# NLP Basics: Regular expression replacements

### Using regular expressions in Python

Python's `re` package is the most commonly used regex resource. More details can be found [here](https://docs.python.org/3/library/re.html).

### Replacing a specific string

In [1]:
import re

pep8_test = 'I try to follow PEP8 guidelines'
pep7_test = 'I try to follow PEP7 guidelines'
peep8_test = 'I try to follow PEEP8 guidelines'

In [2]:
re.findall('[a-z]+', pep8_test)

['try', 'to', 'follow', 'guidelines']

Here, as we used the lower case range, we can notice that the thing that's missing is PEP8 and I. So what that indicates to us is that the regx is case sensitive, and it's only looking for lowercase a through lowercase z. So, lets change to uppercase and see the results. 

In [3]:
re.findall('[A-Z]+', pep8_test)

['I', 'PEP']

The above code captures 'I' and 'PEP' but it doesn't get the 8 in there. But for pep8 what we wanted it to do was capture letters and numbers. 

In [4]:
re.findall('[A-Z]+[0-9]+', pep8_test)

['PEP8']

With the above code line, we were able to find the alpha-numeric words.

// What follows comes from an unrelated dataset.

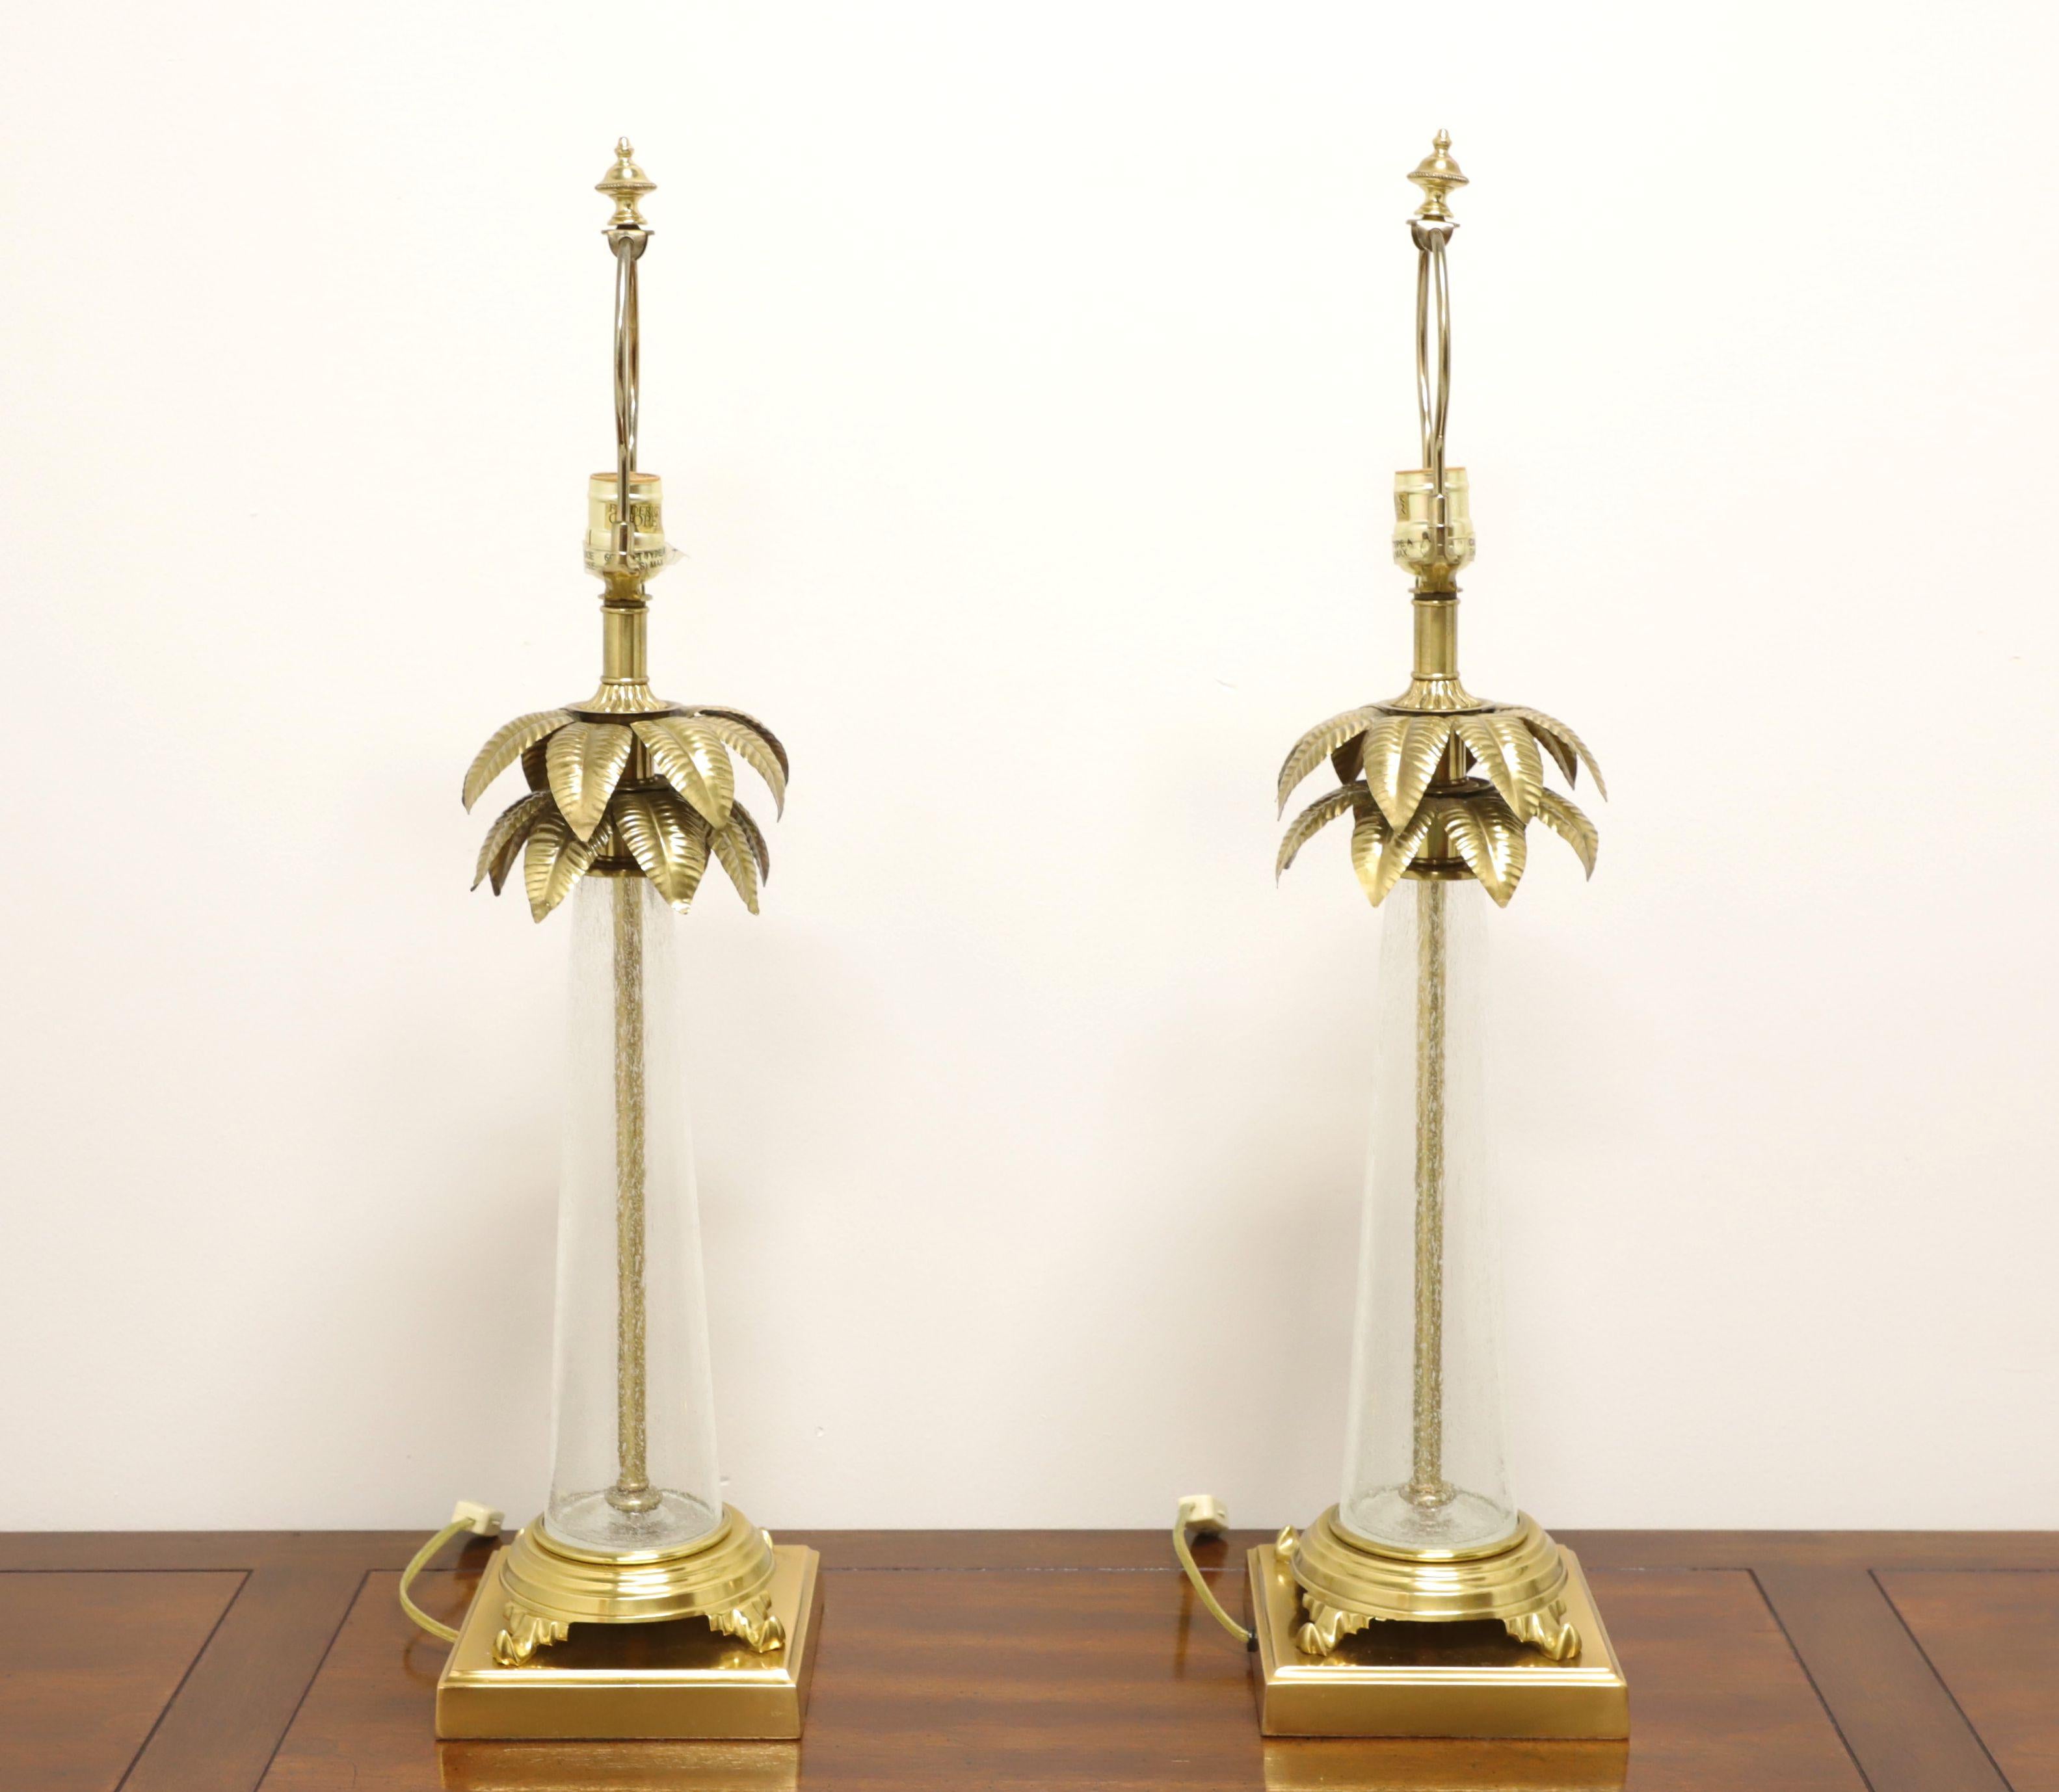 A pair of Hollywood Regency style table lamps by Frederick Cooper. Made of solid brass with a bubble glass surround in the shape of a tree trunk with brass palm fronds at lamp neck. Has metal harp and brass finial. Single standard bulb socket and

No, applying the same to other statements.

In [5]:
re.findall('[A-Z]+[0-9]+', pep7_test)

['PEP7']

In [6]:
re.findall('[A-Z]+[0-9]+', peep8_test)

['PEEP8']

Now that we have the proper regx, the second part of this process is to replace the tokens captured by this regx with 'PEP8 Python Styleguide'. So for this we're going to use the subfunction which will search for a regx pattern and then when it finds it it will replace it with a given string.

In [7]:
re.sub('[A-Z]+[0-9]+', 'PEP8 Python Styleguide', pep8_test)

'I try to follow PEP8 Python Styleguide guidelines'

re.sub('[A-Z]+[0-9]+', 'PEP8 Python Styleguide', pep7_test)

In [9]:
re.sub('[A-Z]+[0-9]+', 'PEP8 Python Styleguide', peep8_test)

'I try to follow PEP8 Python Styleguide guidelines'

Now this regx certainly isn't perfect, you can imagine a scenario that it would miss, for instance if there's a space between pep and 8 or if it was lowercase, it would miss both of those. so, some a bit more refining of regx should be done.

### Other examples of regex methods

- re.search()
- re.match()
- re.fullmatch()
- re.finditer()
- re.escape()